BRIEF:
Please restate each entry word for word.

PROVIDED RECORDS:

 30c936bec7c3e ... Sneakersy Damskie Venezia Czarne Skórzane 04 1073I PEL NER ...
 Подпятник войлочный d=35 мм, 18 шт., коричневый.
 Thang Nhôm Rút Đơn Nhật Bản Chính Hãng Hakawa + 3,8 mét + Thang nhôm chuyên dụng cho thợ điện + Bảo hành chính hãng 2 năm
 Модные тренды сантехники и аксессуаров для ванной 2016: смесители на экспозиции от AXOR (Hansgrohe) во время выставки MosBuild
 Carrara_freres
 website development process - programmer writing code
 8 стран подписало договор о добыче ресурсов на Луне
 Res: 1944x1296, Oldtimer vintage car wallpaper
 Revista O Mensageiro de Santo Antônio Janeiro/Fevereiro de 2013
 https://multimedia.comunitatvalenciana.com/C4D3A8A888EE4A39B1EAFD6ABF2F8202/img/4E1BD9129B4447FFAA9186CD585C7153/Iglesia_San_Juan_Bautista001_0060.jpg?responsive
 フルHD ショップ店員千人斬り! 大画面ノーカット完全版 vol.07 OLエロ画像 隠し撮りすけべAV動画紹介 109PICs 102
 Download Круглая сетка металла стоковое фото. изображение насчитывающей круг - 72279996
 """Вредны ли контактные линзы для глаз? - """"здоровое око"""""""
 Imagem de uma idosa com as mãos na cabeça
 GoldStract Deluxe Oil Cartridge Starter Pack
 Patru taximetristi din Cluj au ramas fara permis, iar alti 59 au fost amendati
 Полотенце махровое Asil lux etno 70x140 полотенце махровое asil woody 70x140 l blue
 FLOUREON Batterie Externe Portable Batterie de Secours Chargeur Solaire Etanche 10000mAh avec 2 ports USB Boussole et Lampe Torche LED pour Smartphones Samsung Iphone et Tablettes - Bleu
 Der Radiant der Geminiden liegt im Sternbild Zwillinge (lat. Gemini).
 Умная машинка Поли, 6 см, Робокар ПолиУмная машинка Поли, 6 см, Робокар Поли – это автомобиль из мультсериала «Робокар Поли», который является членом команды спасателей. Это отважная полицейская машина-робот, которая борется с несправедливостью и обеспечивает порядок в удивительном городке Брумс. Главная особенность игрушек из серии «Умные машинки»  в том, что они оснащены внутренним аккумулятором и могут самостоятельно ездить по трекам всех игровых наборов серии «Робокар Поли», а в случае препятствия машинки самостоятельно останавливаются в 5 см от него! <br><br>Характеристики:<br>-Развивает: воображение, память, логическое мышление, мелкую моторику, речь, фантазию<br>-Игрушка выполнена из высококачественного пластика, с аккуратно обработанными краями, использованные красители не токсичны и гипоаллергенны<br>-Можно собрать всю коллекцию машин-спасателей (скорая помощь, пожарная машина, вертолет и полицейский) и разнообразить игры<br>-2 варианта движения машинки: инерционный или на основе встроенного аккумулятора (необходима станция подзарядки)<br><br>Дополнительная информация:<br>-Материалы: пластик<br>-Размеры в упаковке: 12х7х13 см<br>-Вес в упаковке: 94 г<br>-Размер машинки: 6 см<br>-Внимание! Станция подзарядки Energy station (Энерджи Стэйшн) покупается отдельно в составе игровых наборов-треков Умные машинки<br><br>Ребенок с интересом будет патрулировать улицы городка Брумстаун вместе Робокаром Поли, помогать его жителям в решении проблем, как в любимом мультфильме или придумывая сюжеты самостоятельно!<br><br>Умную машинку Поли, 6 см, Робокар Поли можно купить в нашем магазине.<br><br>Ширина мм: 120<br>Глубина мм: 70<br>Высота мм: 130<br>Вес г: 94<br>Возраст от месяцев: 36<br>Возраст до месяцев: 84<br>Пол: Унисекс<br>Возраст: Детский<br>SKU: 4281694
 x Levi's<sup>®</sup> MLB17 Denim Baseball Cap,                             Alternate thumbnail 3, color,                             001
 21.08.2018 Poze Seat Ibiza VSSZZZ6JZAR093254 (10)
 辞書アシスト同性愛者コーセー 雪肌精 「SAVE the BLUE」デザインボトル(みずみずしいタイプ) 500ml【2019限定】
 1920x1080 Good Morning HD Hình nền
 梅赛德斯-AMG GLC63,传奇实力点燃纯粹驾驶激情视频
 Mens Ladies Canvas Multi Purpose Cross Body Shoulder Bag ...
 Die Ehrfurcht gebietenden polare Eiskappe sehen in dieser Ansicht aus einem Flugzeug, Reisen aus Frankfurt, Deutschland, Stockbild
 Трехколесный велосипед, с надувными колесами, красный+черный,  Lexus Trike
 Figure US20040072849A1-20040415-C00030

WRITTEN ANSWER:
 30c936bec7c3e ... Sneakersy Damskie Venezia Czarne Skórzane 04 1073I PEL NER ...
 Подпятник войлочный d=35 мм, 18 шт., коричневый.
 Thang Nhôm Rút Đơn Nhật Bản Chính Hãng Hakawa + 3,8 mét + Thang nhôm chuyên dụng cho thợ điện + Bảo hành chính hãng 2 năm
 Модные тренды сантехники и аксессуаров для ванной 2016: смесители на экспозиции от AXOR (Hansgrohe) во время выставки MosBuild
 Carrara_freres
 website development process - programmer writing code
 8 стран подписало договор о добыче ресурсов на Луне
 Res: 1944x1296, Oldtimer vintage car wallpaper
 Revista O Mensageiro de Santo Antônio Janeiro/Fevereiro de 2013
 https://multimedia.comunitatvalenciana.com/C4D3A8A888EE4A39B1EAFD6ABF2F8202/img/4E1BD9129B4447FFAA9186CD585C7153/Iglesia_San_Juan_Bautista001_0060.jpg?responsive
 フルHD ショップ店員千人斬り! 大画面ノーカット完全版 vol.07 OLエロ画像 隠し撮りすけべAV動画紹介 109PICs 102
 Download Круглая сетка металла стоковое фото. изображение насчитывающей круг - 72279996
 """Вредны ли контактные линзы для глаз? - """"здоровое око"""""""
 Imagem de uma idosa com as mãos na cabeça
 GoldStract Deluxe Oil Cartridge Starter Pack
 Patru taximetristi din Cluj au ramas fara permis, iar alti 59 au fost amendati
 Полотенце махровое Asil lux etno 70x140 полотенце махровое asil woody 70x140 l blue
 FLOUREON Batterie Externe Portable Batterie de Secours Chargeur Solaire Etanche 10000mAh avec 2 ports USB Boussole et Lampe Torche LED pour Smartphones Samsung Iphone et Tablettes - Bleu
 Der Radiant der Geminiden liegt im Sternbild Zwillinge (lat. Gemini).
 Умная машинка Поли, 6 см, Робокар ПолиУмная машинка Поли, 6 см, Робокар Поли – это автомобиль из мультсериала «Робокар Поли», который является членом команды спасателей. Это отважная полицейская машина-робот, которая борется с несправедливостью и обеспечивает порядок в удивительном городке Брумс. Главная особенность игрушек из серии «Умные машинки»  в том, что они оснащены внутренним аккумулятором и могут самостоятельно ездить по трекам всех игровых наборов серии «Робокар Поли», а в случае препятствия машинки самостоятельно останавливаются в 5 см от него! <br><br>Характеристики:<br>-Развивает: воображение, память, логическое мышление, мелкую моторику, речь, фантазию<br>-Игрушка выполнена из высококачественного пластика, с аккуратно обработанными краями, использованные красители не токсичны и гипоаллергенны<br>-Можно собрать всю коллекцию машин-спасателей (скорая помощь, пожарная машина, вертолет и полицейский) и разнообразить игры<br>-2 варианта движения машинки: инерционный или на основе встроенного аккумулятора (необходима станция подзарядки)<br><br>Дополнительная информация:<br>-Материалы: пластик<br>-Размеры в упаковке: 12х7х13 см<br>-Вес в упаковке: 94 г<br>-Размер машинки: 6 см<br>-Внимание! Станция подзарядки Energy station (Энерджи Стэйшн) покупается отдельно в составе игровых наборов-треков Умные машинки<br><br>Ребенок с интересом будет патрулировать улицы городка Брумстаун вместе Робокаром Поли, помогать его жителям в решении проблем, как в любимом мультфильме или придумывая сюжеты самостоятельно!<br><br>Умную машинку Поли, 6 см, Робокар Поли можно купить в нашем магазине.<br><br>Ширина мм: 120<br>Глубина мм: 70<br>Высота мм: 130<br>Вес г: 94<br>Возраст от месяцев: 36<br>Возраст до месяцев: 84<br>Пол: Унисекс<br>Возраст: Детский<br>SKU: 4281694
 x Levi's<sup>®</sup> MLB17 Denim Baseball Cap,                             Alternate thumbnail 3, color,                             001
 21.08.2018 Poze Seat Ibiza VSSZZZ6JZAR093254 (10)
 辞書アシスト同性愛者コーセー 雪肌精 「SAVE the BLUE」デザインボトル(みずみずしいタイプ) 500ml【2019限定】
 1920x1080 Good Morning HD Hình nền
 梅赛德斯-AMG GLC63,传奇实力点燃纯粹驾驶激情视频
 Mens Ladies Canvas Multi Purpose Cross Body Shoulder Bag ...
 Die Ehrfurcht gebietenden polare Eiskappe sehen in dieser Ansicht aus einem Flugzeug, Reisen aus Frankfurt, Deutschland, Stockbild
 Трехколесный велосипед, с надувными колесами, красный+черный,  Lexus Trike
 Figure US20040072849A1-20040415-C00030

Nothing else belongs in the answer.